3. If the optical drive is the only item attached to the IDE ribbon cable, then it MUST be the Master device on that port. Set its jumpers according to the diagram on the optical unit itself so that it is a Master with no Slave. (Your post indicates that you do NOT have a second IDE device on this cable - correct?) Then the BLACK connector on the END of the IDE ribbon cable must plug into the optical drive. The Grey middle connector is not used. (Some IDE ribbon cables simply do not have the grey middle connector.)
4. IDE ribbon cable connectors each have one hole blocked off so that they only plug into the ports one way.
If everything is set this way, the mobo should detect the optical unit in BIOS - see manual Section 4.3.4 on p. 4-13. In the lower section of the screen where you can configure some things, set the TYPE to CDROM, the LBA Mode to Auto, Block Transfer to Auto, PIO Mode, DMA Mode and SMART Monitoring to Auto, and 32-bit Data Transfer to Enabled. Remember after changing any setting that you must SAVE and EXIT to make your setting permanent. See manual Section 4.8 on p. 4-37.

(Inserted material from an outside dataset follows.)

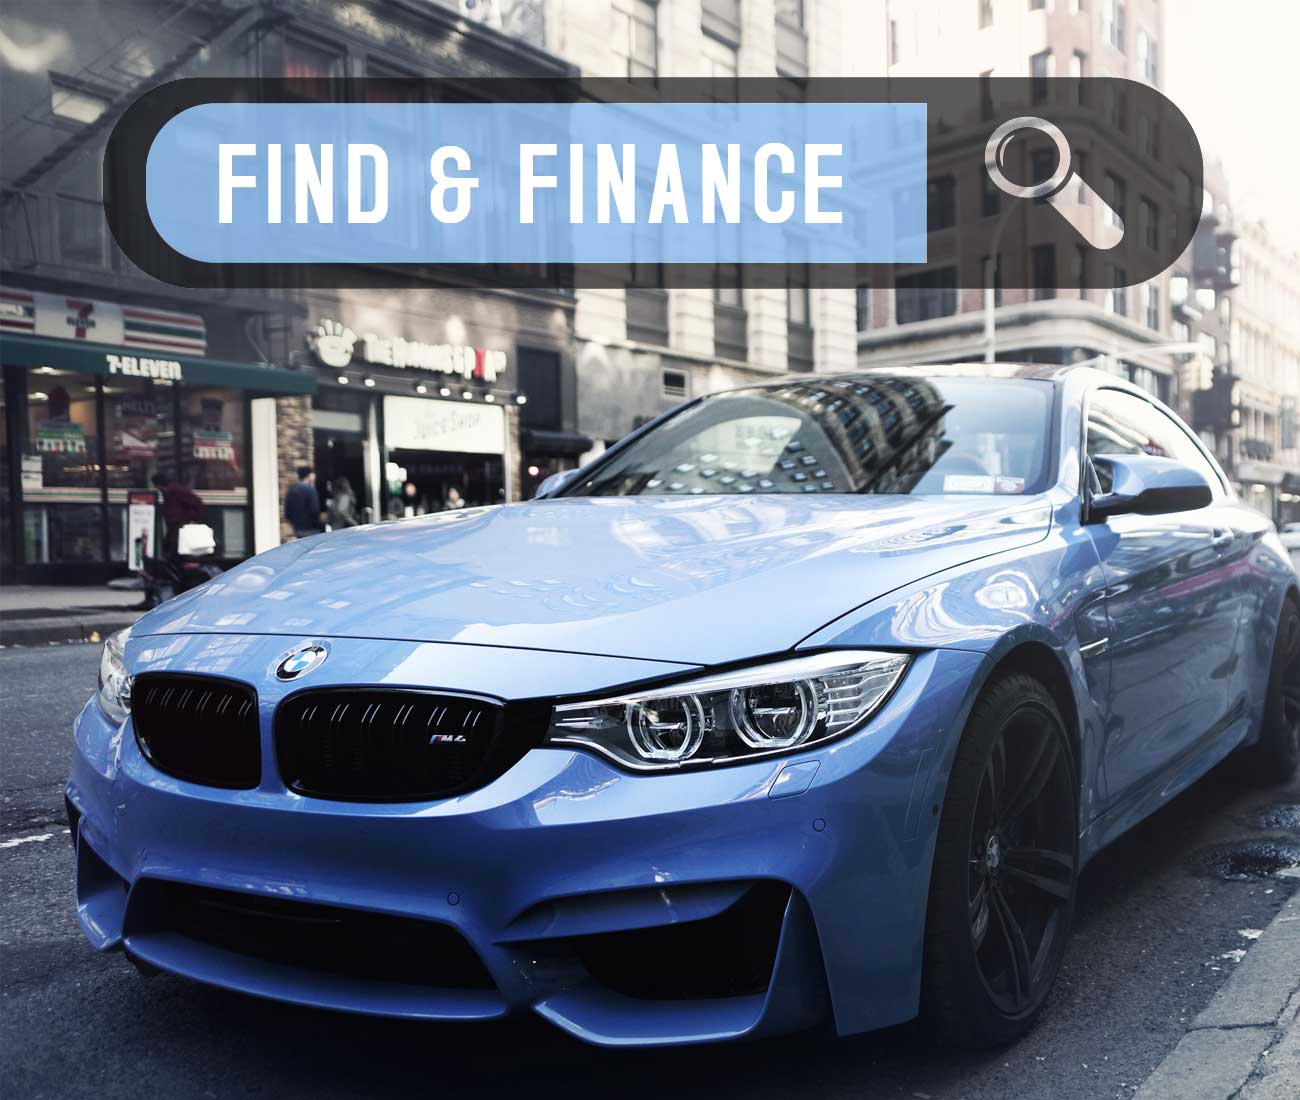 Find & Finance

If the BIOS Setup screen cannot detect your IDE unit, you MIGHT try moving your SATA HDD to another SATA port just in case it is interfering with detecting the IDE device. IF you do that, you will need to adjust the Boot Device Priority - see manual Section 4.6.1 on p. 4-30. To do this will take two steps.:
(a) Disconnect the SATA drive's (smaller) data cable and reboot the machine into BIOS Setup and verify that no SATA device is detected. Go to the BIOS Boot Menu and set the boot device to the floppy drive or the IDE optical drive, and NO option to boot from a SATA drive. This will force the BIOS to forget any SATA records it had.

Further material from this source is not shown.